The term "run-time environment" is not well-defined. Some vendors use
"run-time library" to mean the standard library they provide with
their compiler products. Others use it to mean a smaller subset of
code that complements the standard (or "system") libraries.

An ABI (Application Binary Interface) describes a conventional
low-level interface between an application program and the execution
environment. This includes (among other things) storage allocation
conventions, calling conventions, and binary file format.

A toolchain is a set of software elements … A toolchain includes a
compiler, a linker, and a library, along with other utilities for
working with binary files (ar, nm, etc.) It also includes the
startup/shutdown code that is attached to executables.

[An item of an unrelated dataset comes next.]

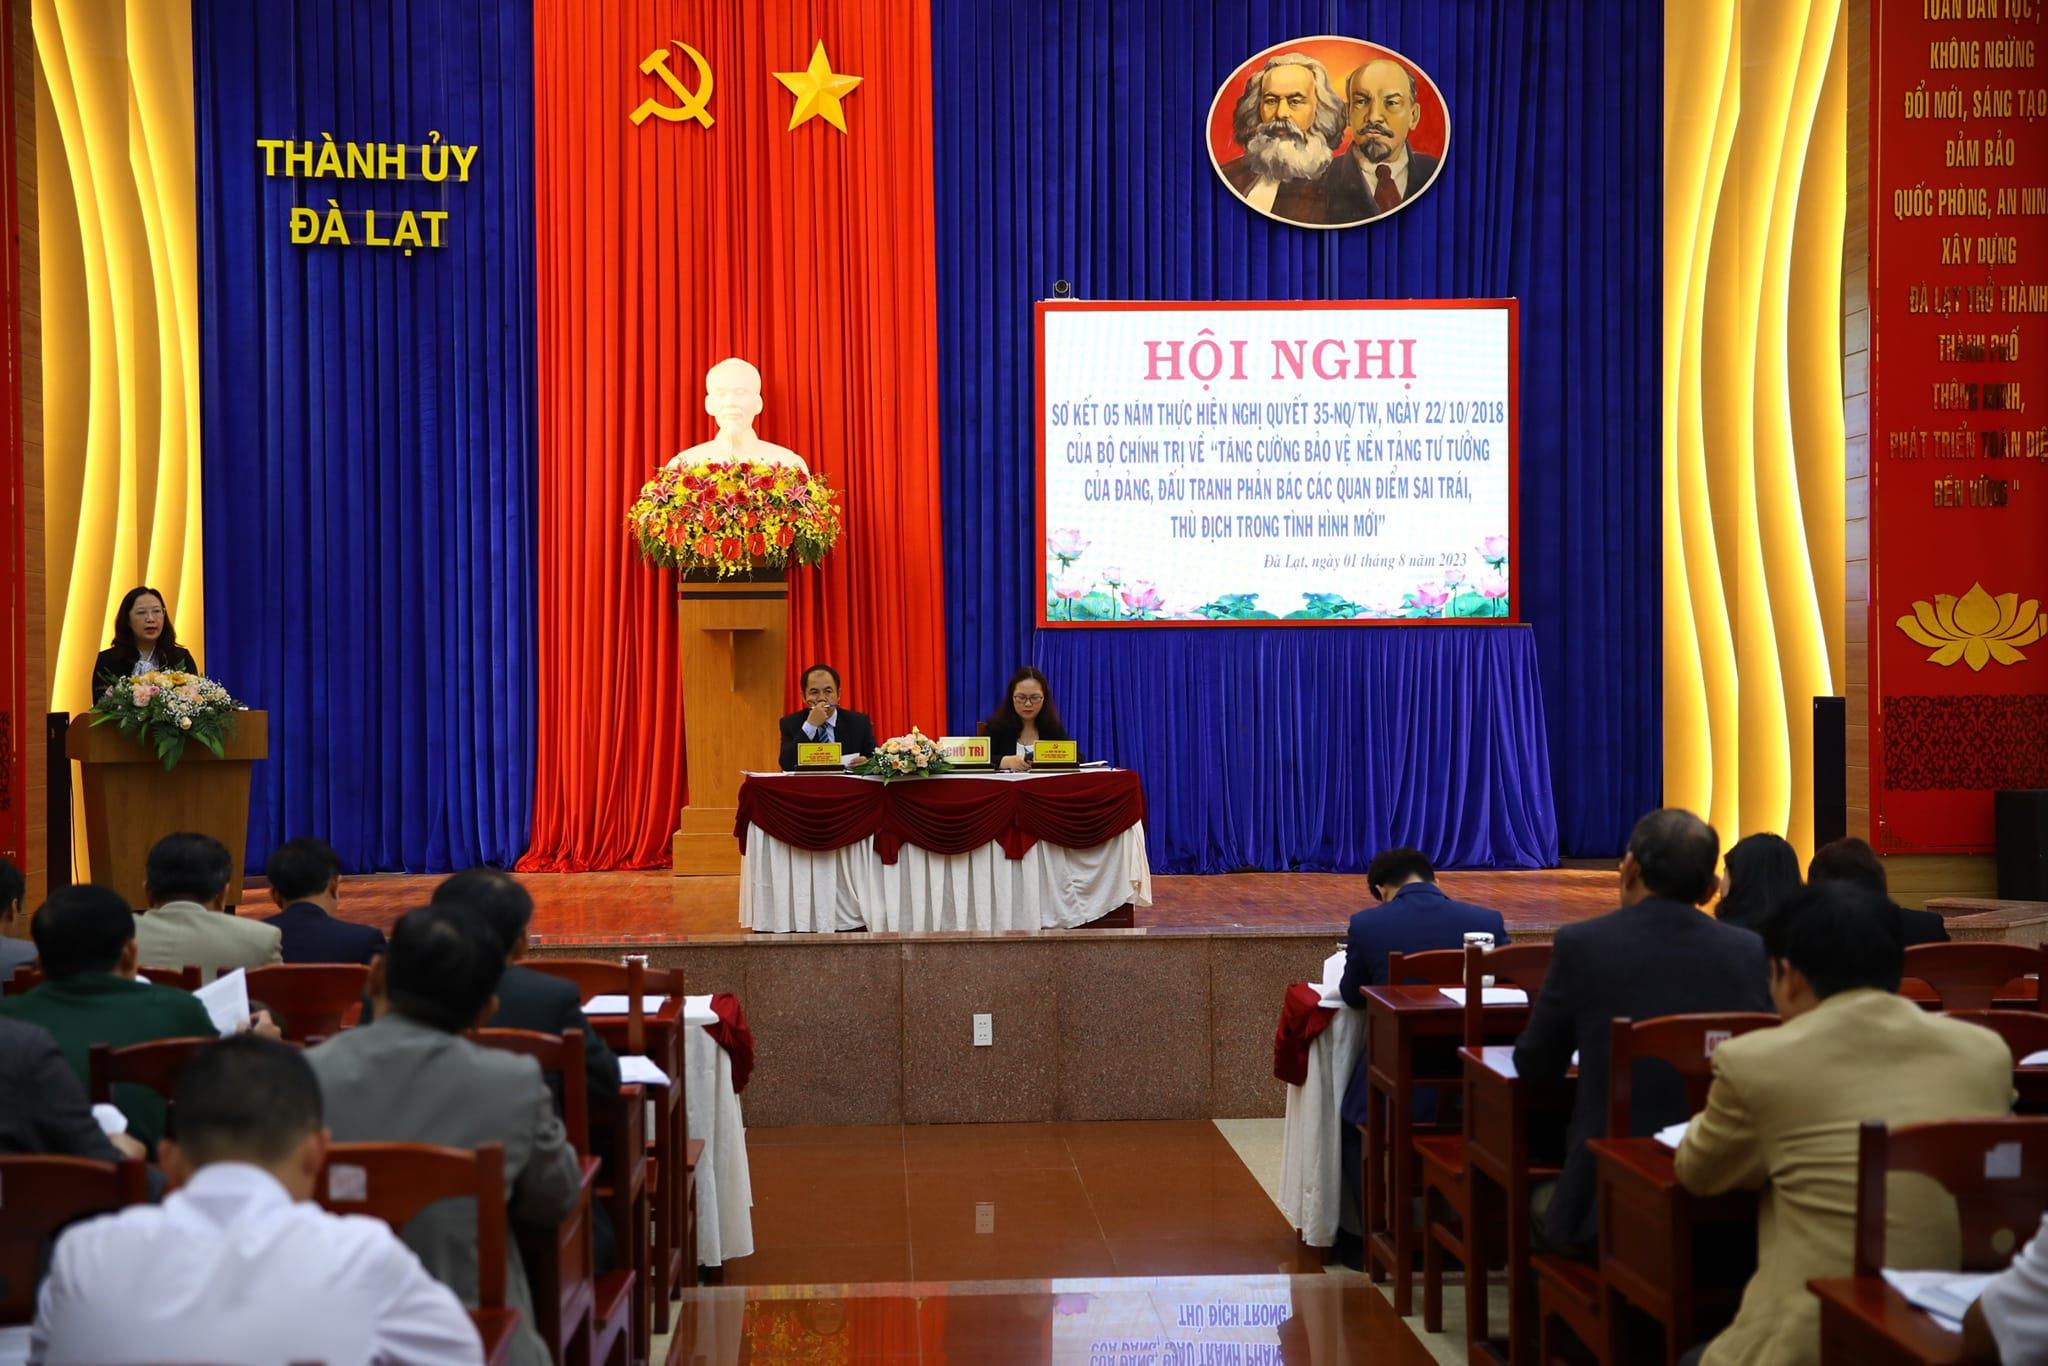 Đồng chí Lê Thị Hồng Phúc - Phó Trưởng ban Tuyên giáo Thành ủy báo cáo tham luận tại hội nghị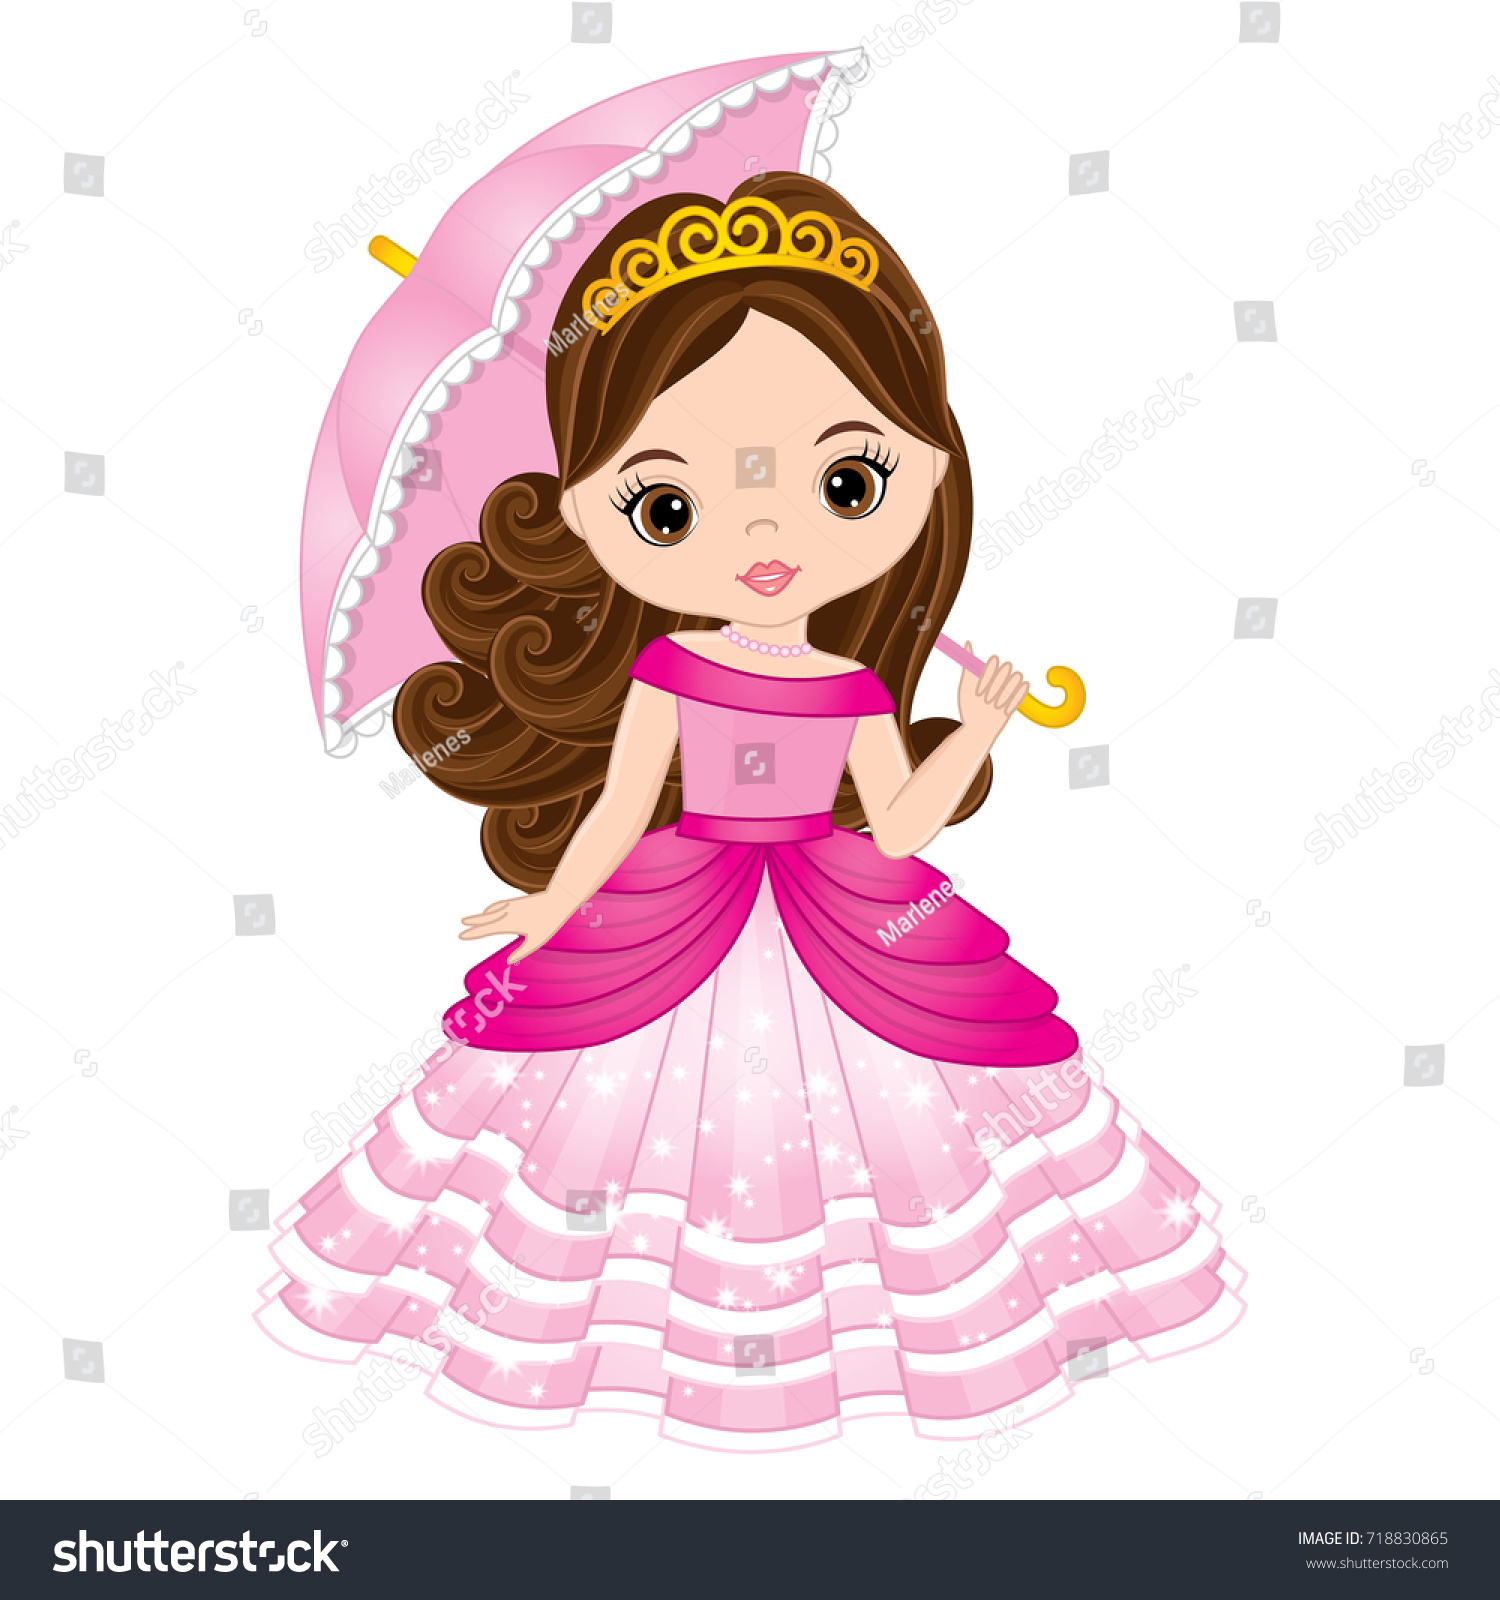 ピンクのドレスに傘を差したベクター画像の美しい姫様 ベクター

A given
execution environment may support multiple toolchains. For example,
on Linux the standard toolchain is the GNU toolchain: gcc, glibc, and
GNU binutils. But you can use other compilers and libraries as well;
for example, gcc with newlib or dietlib, or the Intel C compiler with
glibc. Even some of the hoary old compilers for windows are
available: Watcom is now Open Watcom, with Linux support on the way.

An important element of the run-time environment that is not part of
the toolchain is the program /loader/. The loader is provided by the
operating system. Its job is to load the executable binary image into
memory and then transfer control to the entry point. For this to
work, there must be a convention regarding the structure of the binary
image and the name or offset of the entry point. The loader may also
perform more sophisticated tasks that involve tasks conventionally
associated with the linker, such as relocation and symbol resolution.
More on this later.

A particular toolchain establishes a /de facto/ ABI. Elements of one
toolchain may not work with another toolchain. For example, it
probably won't do to use malloc from one library and free from
another. It may not even work to use malloc and free from the same
library, but compiled with different compilers. Especially if you're
using a language other than C. In the case of C much (but not all) of
the ABI is specified by the language and standard library definitions.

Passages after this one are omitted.